Кстати, интересный факт - упомянутая Анна Андреевна приходилась тетей Лидии Девель (это настоящая фамилия, Алексеева - псевдоним), только Нью-Йорк так далеко от Петербурга, что на бурное проявление родственных связей рассчитывать особо не приходилось. А ведь, дед Алексеевой по материнской линии — Владимир Антонович Горенко — и отец Ахматовой, Андрей Антонович Горенко, — родные братья. То есть — мать Алексеевой и Ахматова были двоюродными сестрами.
Запыленная странница
Отец Лиды, рожденной в 1909 году в Двинске, был потомком гугенотов (Dеvеllе), и служил в чине полковника в Русской Императорской армии. В одиннадцатилетнем возрасте Лида, вместе с родителями, покинула Россию. Семья обосновалась в Югославии, где Алексеева прожила 22 года, окончив там русскую гимназию и получив филологическое образование в Белградском университете.
По времени это была середина тридцатых годов, когда Лидия Девель начинает всерьез увлекаться и заниматься поэзией, ставя себе в пример двоюродную тетю Анну Андреевну.
Я, странник запыленный,
Ищу в пути приют.
А мне воды соленой
Напиться подают.
Смеются у порога,
Но я покорно пью.
У всех своя дорога,
Я выбрала свою.
Горестно только время разлук
Что ж, дорога была выбрана, но она не оказалась усыпанной розами, хотя критика доброжелательно относилась к творчеству Лидии, взявшей себе литературный псевдоним по имени отца.
Ее поэзию особо отмечали в своей переписке архиепископ Иоанн Шаховской и "последний царскосел", поэт Дмитрий Кленовский.
Поэт и литературовед русской эмиграции Юрий Иваск в своем известном обзоре «Похвала русской поэзии» писал:
«Поэтика Л. Алексеевой самая консервативная. Никаких авангардных экспериментов. Но сколько свежести, новизны в образах, хотя за оригинальностью она не гонится. Простота Лидии Алексеевой имеет мало общего с простотой так называемой "Парижской ноты".

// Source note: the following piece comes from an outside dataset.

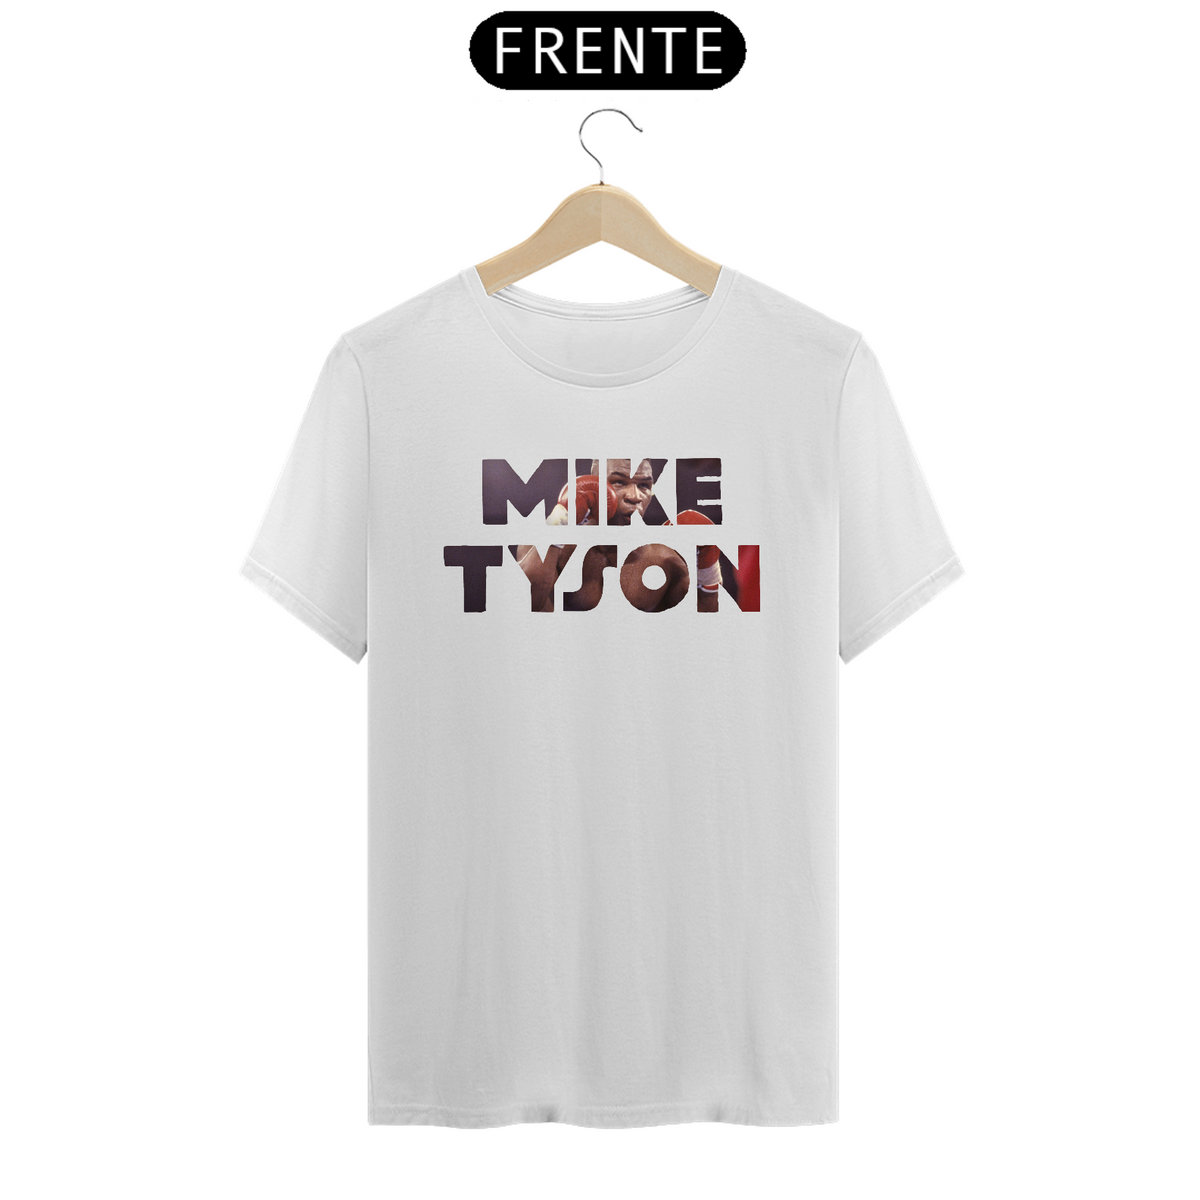 Nome do produto: Camiseta - MIKE TYSON

Ноющие поэты на Монпарнасе 30-х гг. очень уж много уделяли внимания себе... В простой поэзии Лидии Алексеевой столько зверей, растений, и как мало внимания она уделяет себе!.. Добро в поэзии Лидии Алексеевой – истинное, радующее разнообразием и захватывающее читателя".
В 1949 Лидия Алексеевна оказалась в Америке, где стали выходить сборники поэтессы, а ее поэзия обрела одну из главных своих тем - благодарности жизни и готовности к смерти.

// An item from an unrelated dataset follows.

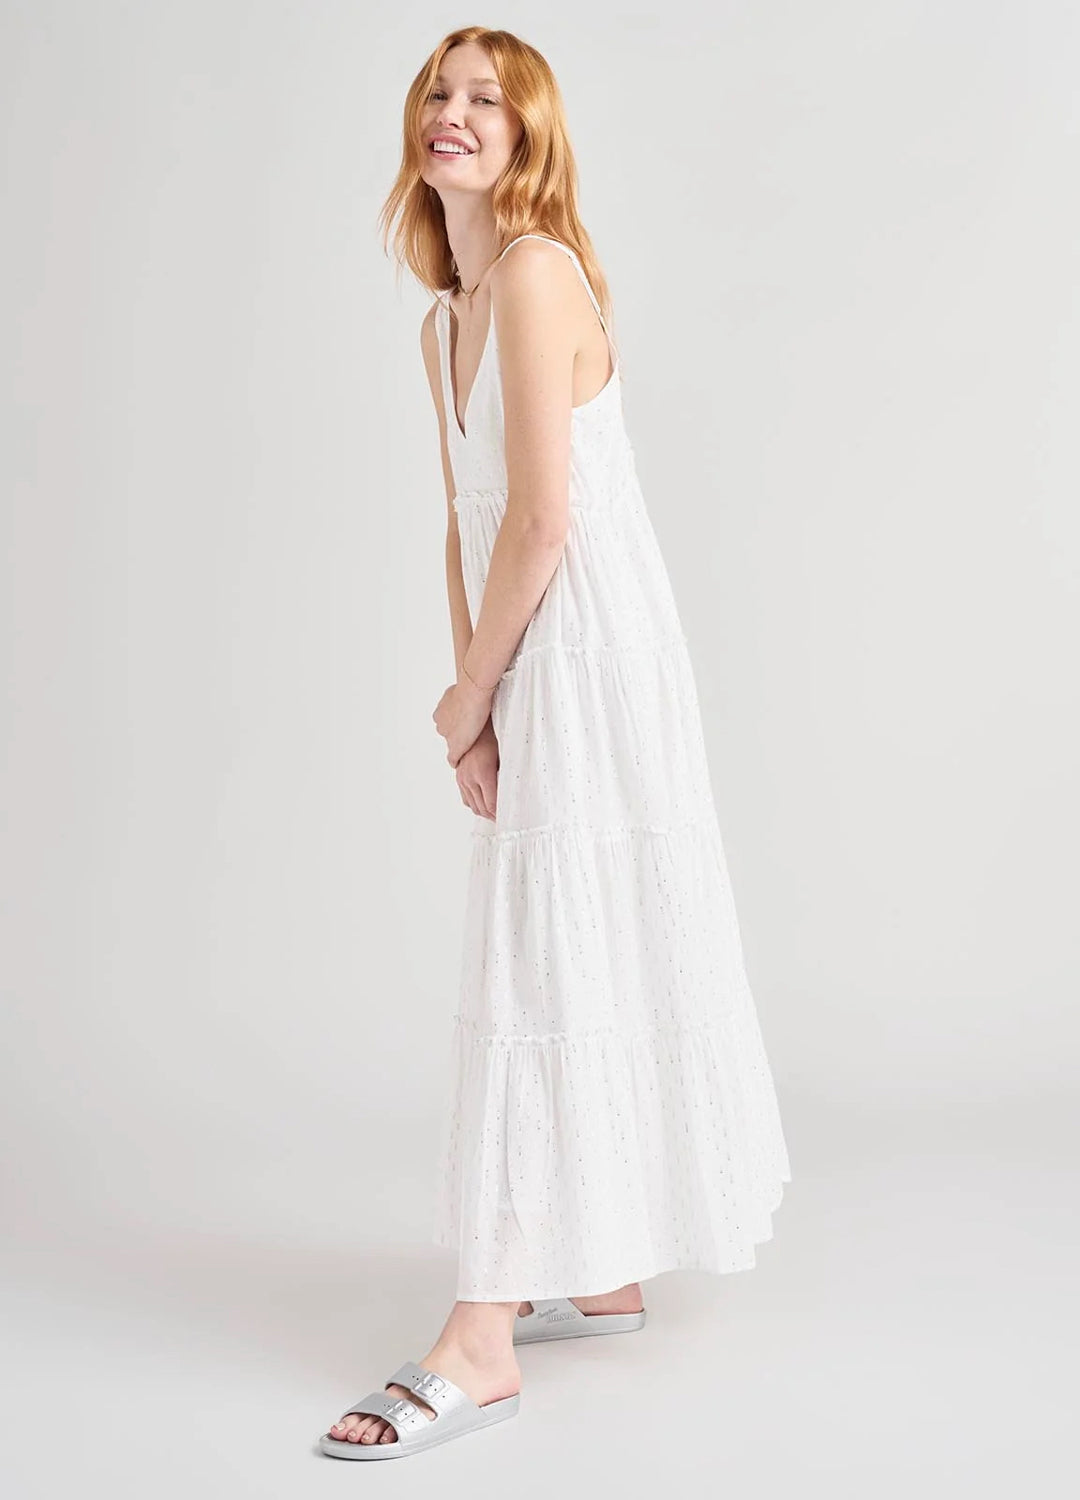 Gwendolyn Dress - White

Коснется нас мудрой рукой Творец –
И в жизнь облекается серый прах, –
И ты, и земля, и лист, и скворец,
Мы только глина в Его руках.
И горестно только время разлук,
И страха священного не побороть,
Когда вдохновенным касаньем рук
Нам новую Мастер готовит плоть
Я на правую руку надела перчатку с левой руки...
По приезде в Америку Алексеева недолго работала на перчаточной фабрике, затем эстонский поэт (приятель Игоря-Северянина, между прочим) Алексис Раннит устроил ее в славянский отдел Нью-Йоркской Публичной библиотеки, где она благополучно прослужила до выхода на пенсию.
Летом поэтесса уезжала летом в отпуск — обязательно куда-нибудь на лоно природы — и привозила стихи о деревьях, о лесной живности, о грибах, о солнце…
…Я тройчатку желудей нашла,
Гладких, плотных, буровато-ржавых,
Тесно севших в чашечках шершавых, –
И домой в кармане привезла.
Пальцы их бездумно извлекли,
Бросили – случайная причуда –
Трех дубов несбывшееся чудо,
Отнятое мною у земли.
К быту не приспособлена совершенно
Современники Алексеевой вспоминали, что она была совершенно не приспособлена к быту. Не будучи бедной, жила в самом нищебродском "гетто" , где хозяйничали "банды Нью-Йорка". Особенно усердствовали негры (ой) темнокожие пуэрториканцы, залезая в неухоженную квартиру "странной русской" чуть ли не ежедневно. Выносили все, не трогая книг. Взамен хозяйка оставляла "гостям" на столе горстку мелочи, а рядом записку о том, что больше денег в доме нет.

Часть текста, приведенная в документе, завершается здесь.